Both are left in the record rather than re-run-until-clean, on the theory that an honest "this looked weird, and here's what we actually know" is more useful than a benchmark history that's been quietly massaged to only show clean results.

Hardware context

These are homelab numbers, not a controlled cloud benchmark — they'll vary with your own LLM hardware (faster GPU genuinely means lower cold routing latency), network latency to HA/Uptime Kuma/your other sources, Kiwix ZIM file size and disk I/O speed, and how warm the routing cache happens to be at the moment you run them. Treat the relative patterns here (cold vs. warm, which features cost what) as the generalizable part, and the absolute millisecond figures as specific to one particular homelab's hardware.

Running your own

Before a genuine cold-cache run, clear both caches explicitly — found via a real run that produced an artificially clean result instead of real cold numbers without this step:

curl -X POST http://192.168.1.50:8888/cache/clear
curl -X POST http://192.168.1.50:8888/cache/routing/clear

Then run cold:

pip install locust
locust -f tests/locustfile.py --host http://192.168.1.50:8888
# Open http://localhost:8089

Replace 192.168.1.50 with your actual Mnemolis host's real IP or hostname — not a placeholder. --host silently accepts anything that looks like a URL, so a leftover example value doesn't fail loudly; it fails much later as a wall of opaque DNS errors (Temporary failure in name resolution) on every single request, which doesn't obviously point back to --host as the cause.

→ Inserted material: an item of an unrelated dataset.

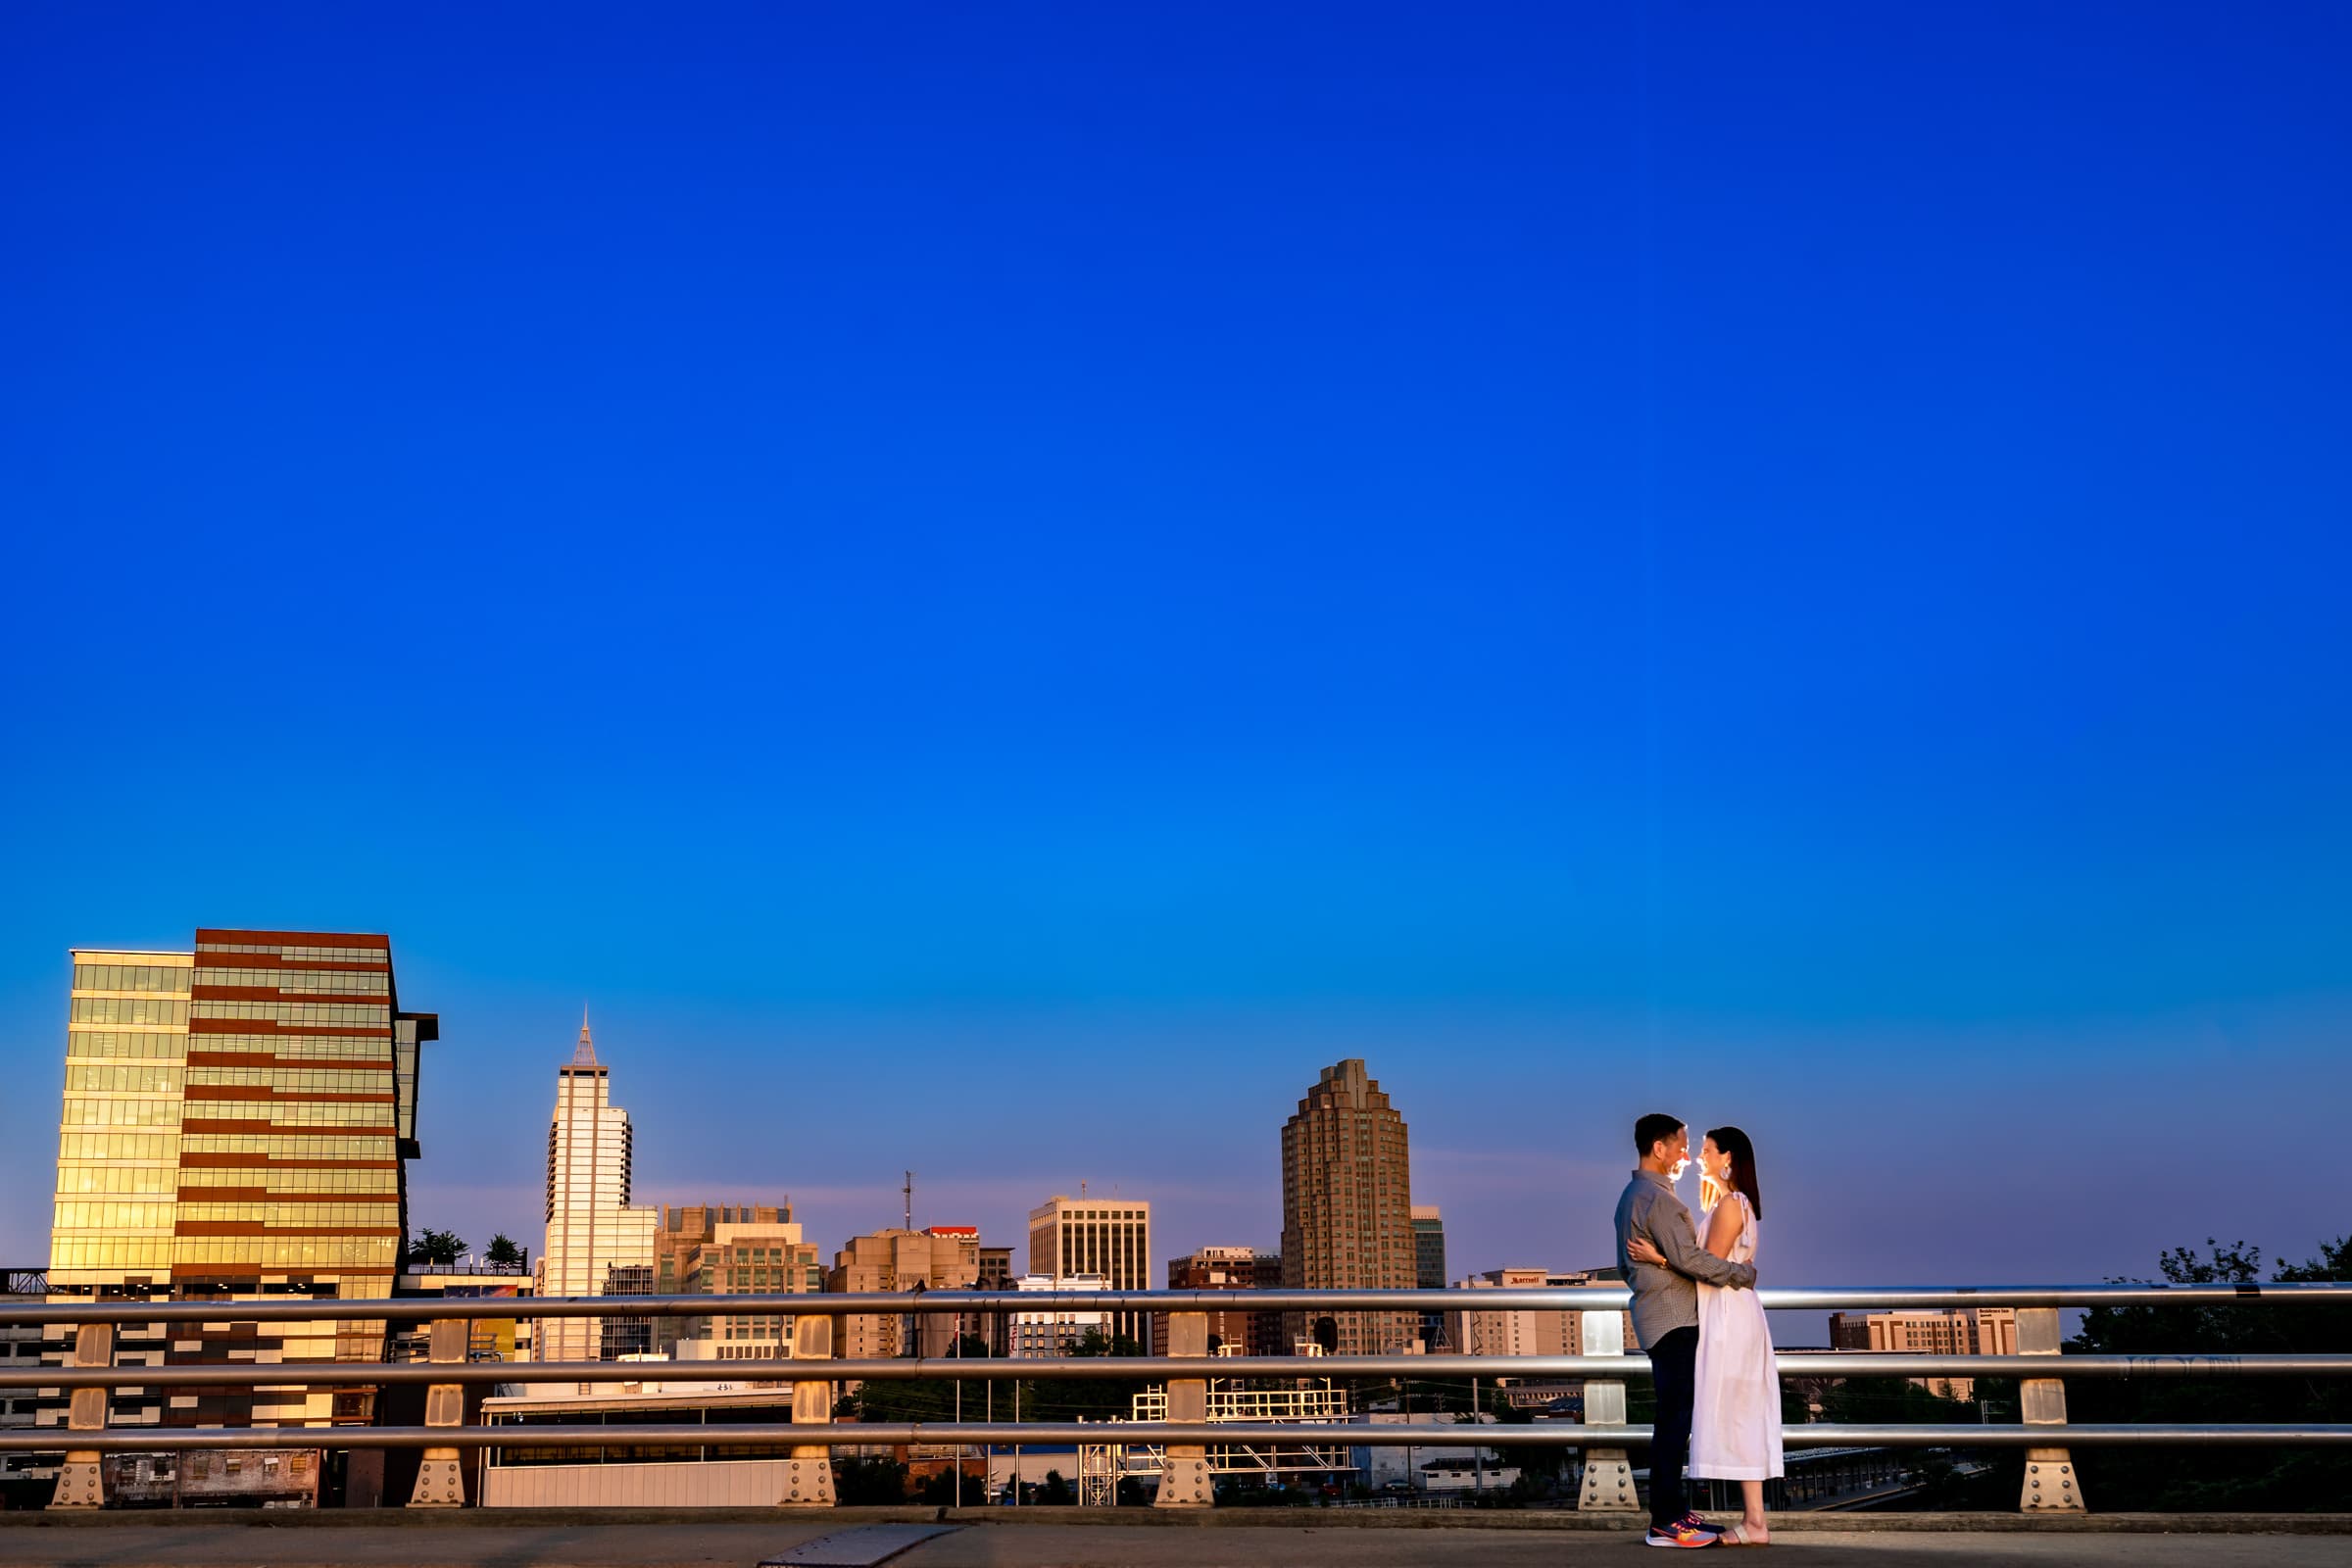 portrait of an engaged couple with the Raleigh skyline in the background behind them | photo by Kivus & Camera

Or headless, for a repeatable cold/warm comparison — run the identical command twice, with no clearing in between for the second (warm) pass:

locust -f tests/locustfile.py --host http://192.168.1.50:8888 \
  --headless --users 20 --spawn-rate 2 --run-time 120s \
  --csv benchmarks

If you add a new feature with its own conditionally-triggered cost (the way disambiguation, conditional detection, and the discourse-framing fix all did), it's worth checking whether locustfile.py actually has a task type that exercises it — a benchmark can only measure what it's actually pointed at, and more than one feature in this project's history shipped before its real load-time cost had ever been measured at all, simply because nothing in the load test was constructed to trigger it.